**ACTIVITY:** Reproduce the lines below exactly. Skip images.

**COLLECTED MATERIAL:**

────────

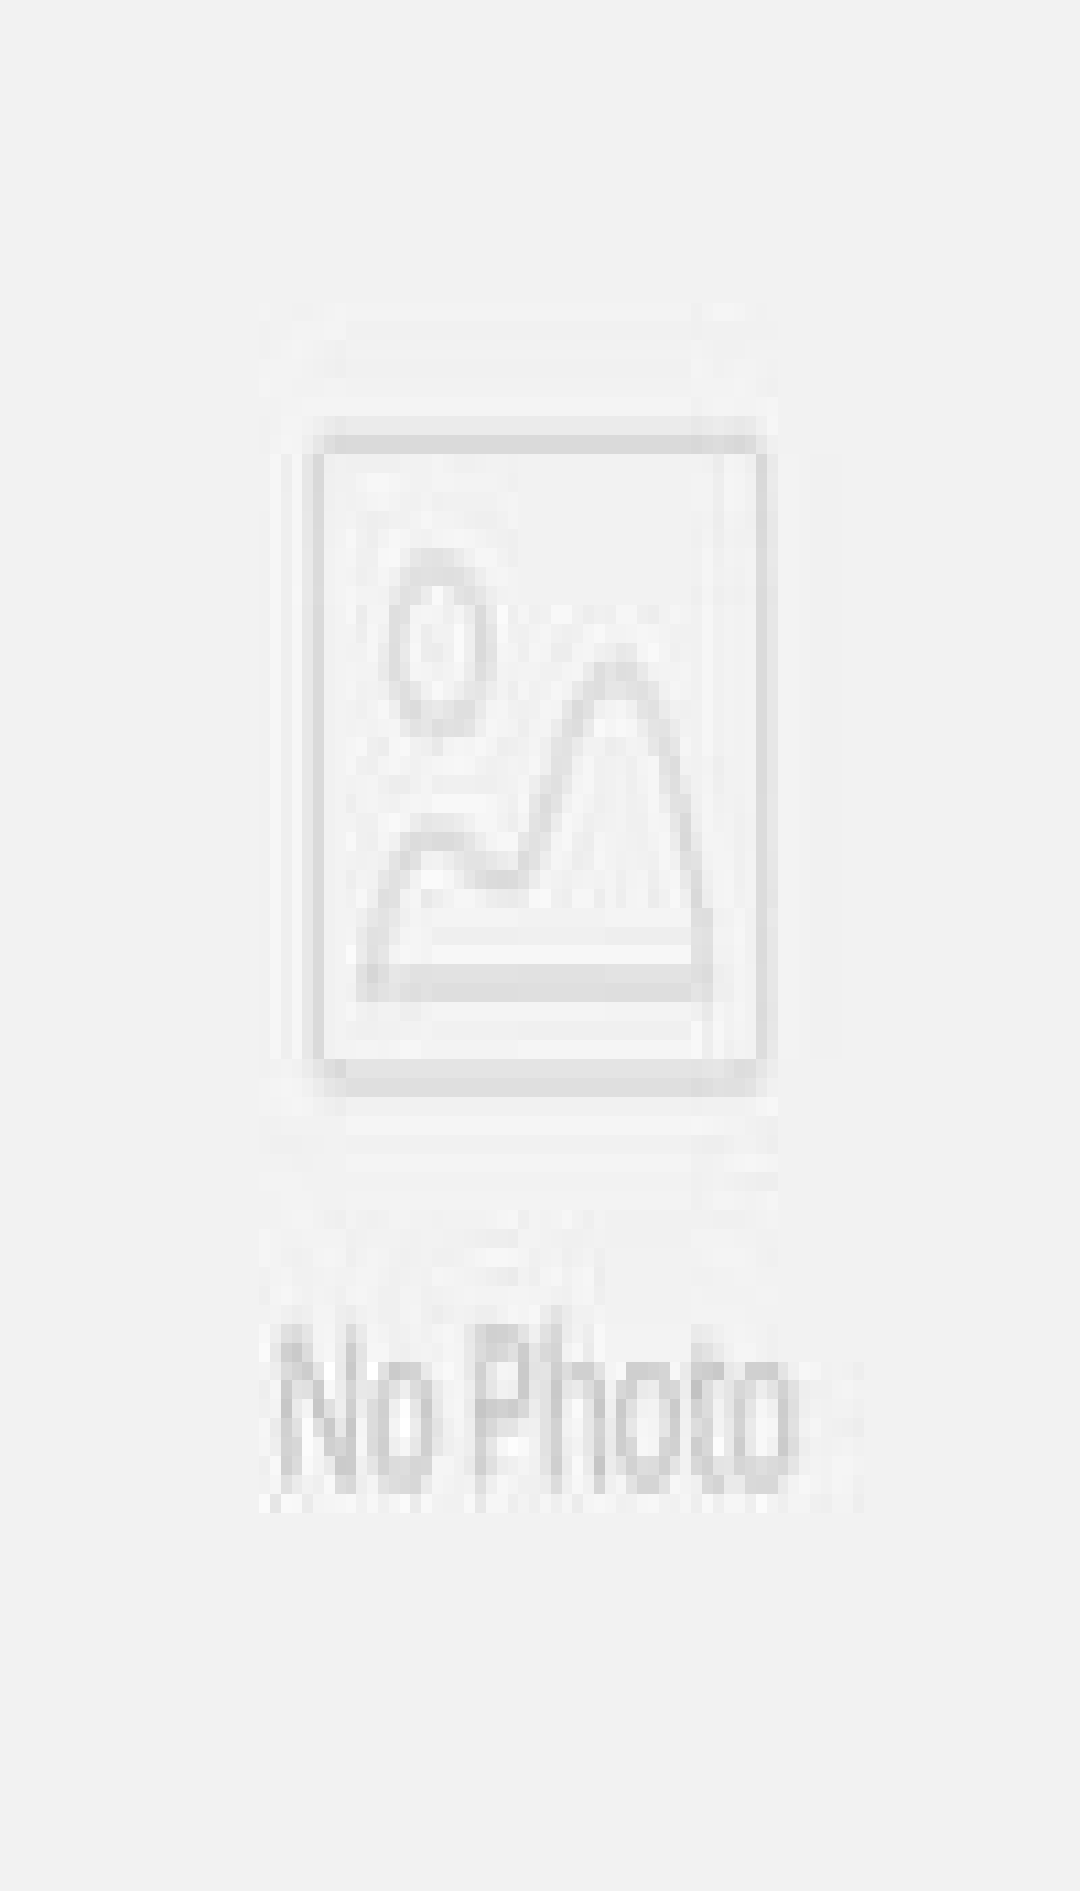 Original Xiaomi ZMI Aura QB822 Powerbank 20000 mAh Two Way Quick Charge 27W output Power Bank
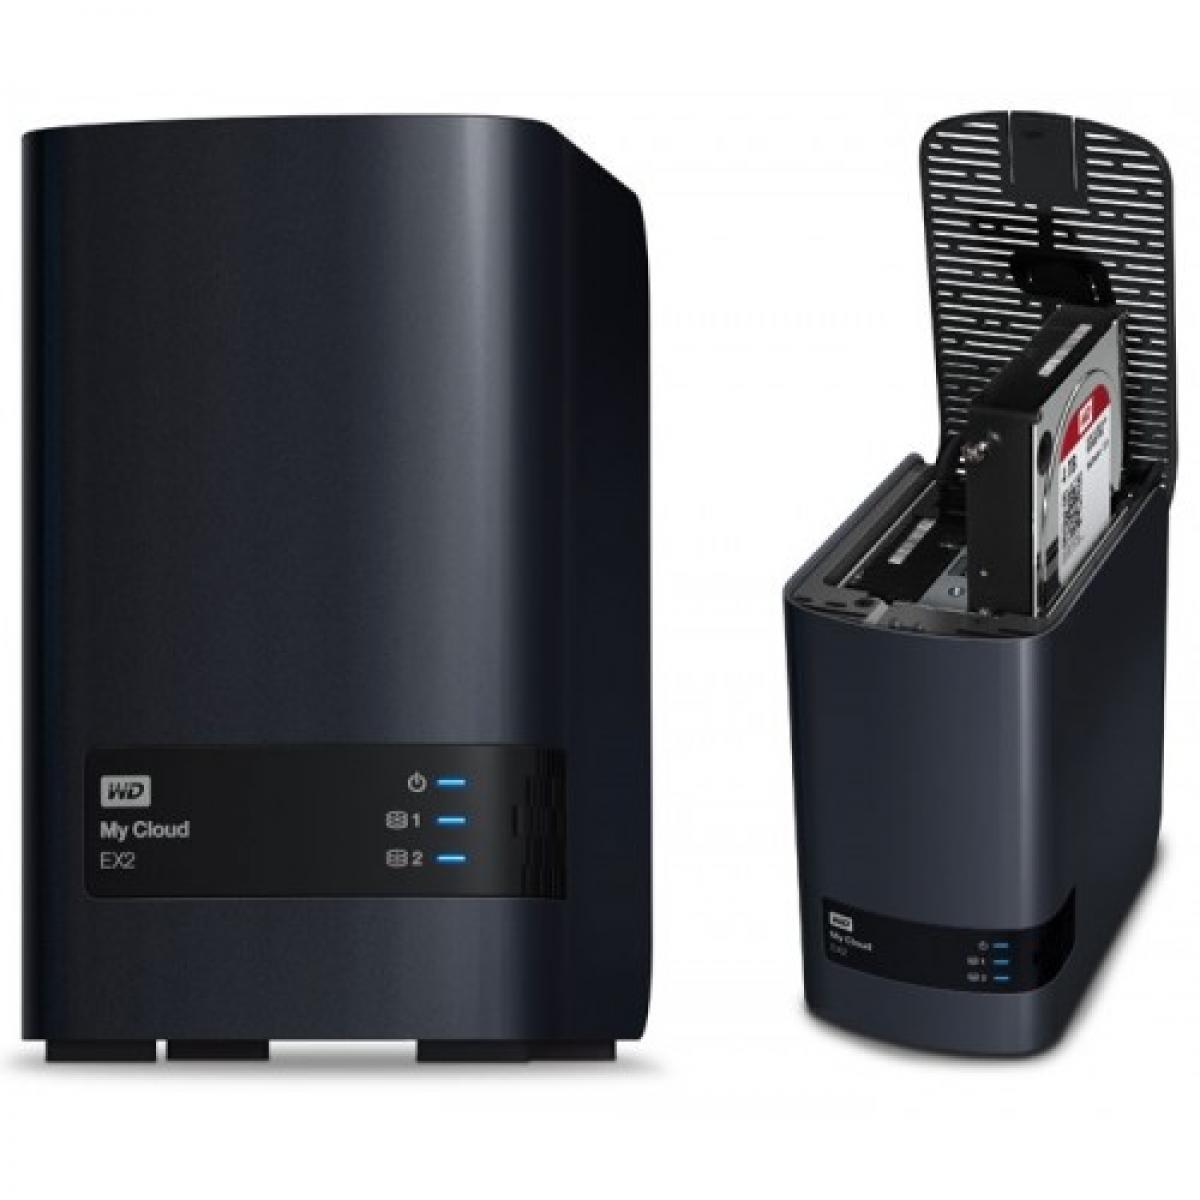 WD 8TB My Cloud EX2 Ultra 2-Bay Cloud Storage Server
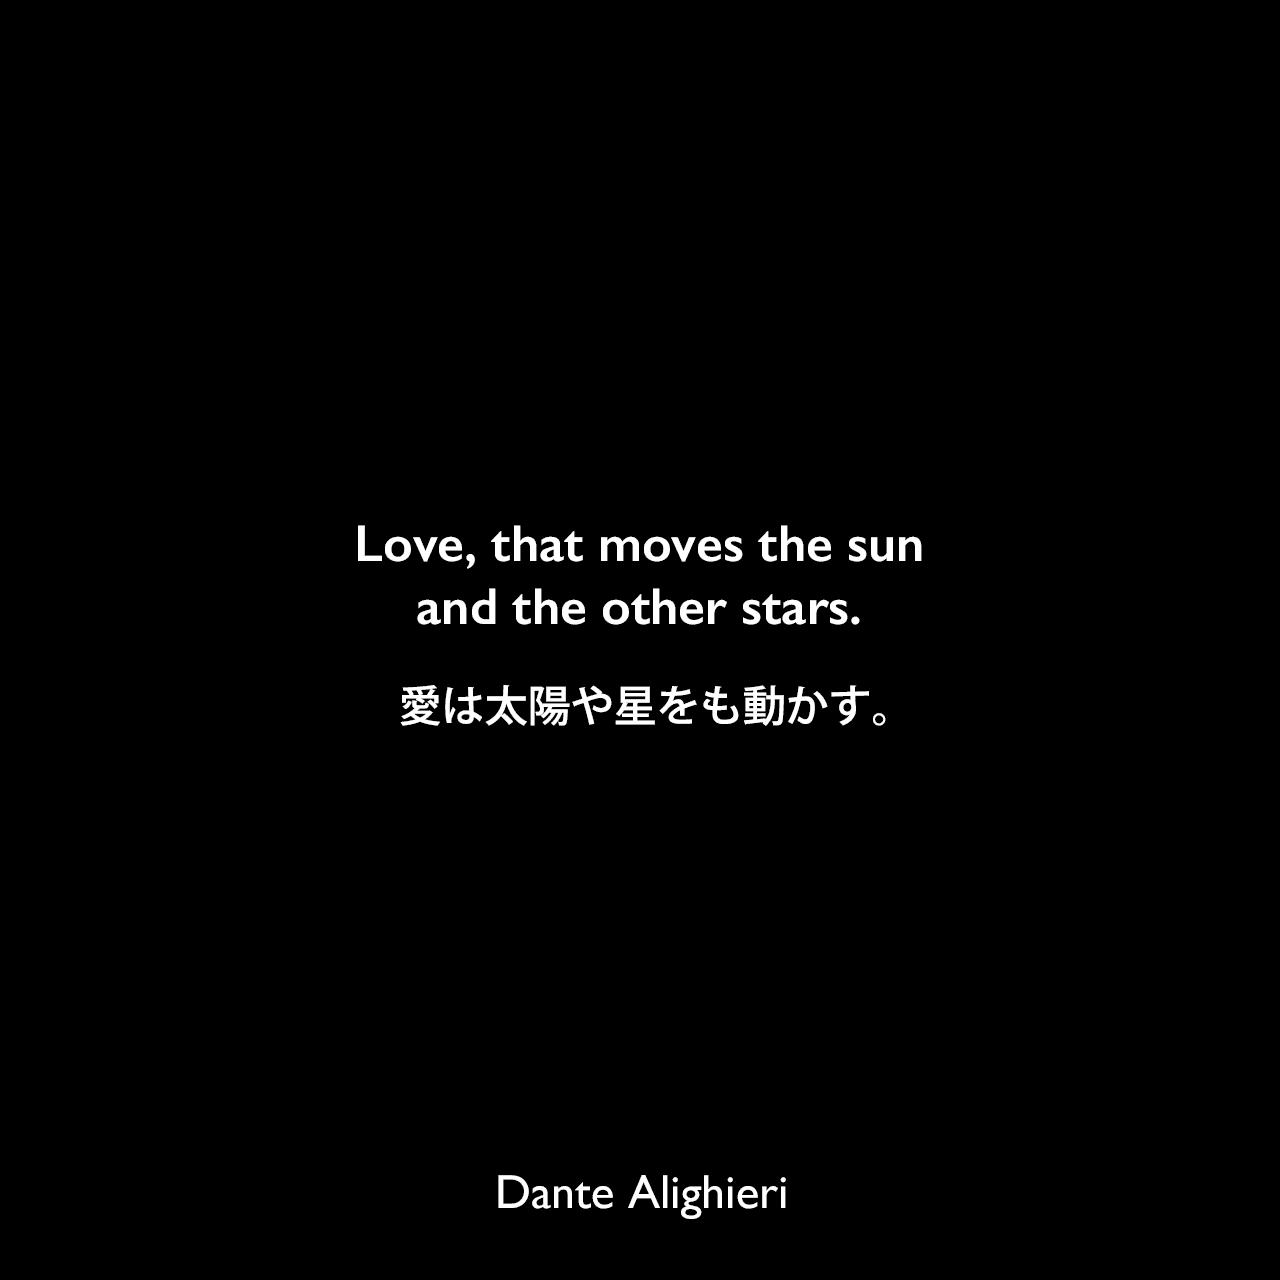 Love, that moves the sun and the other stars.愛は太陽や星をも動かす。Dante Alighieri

────────

**WRITTEN SOLUTION:**
 Original Xiaomi ZMI Aura QB822 Powerbank 20000 mAh Two Way Quick Charge 27W output Power Bank
 WD 8TB My Cloud EX2 Ultra 2-Bay Cloud Storage Server
 Love, that moves the sun and the other stars.愛は太陽や星をも動かす。Dante Alighieri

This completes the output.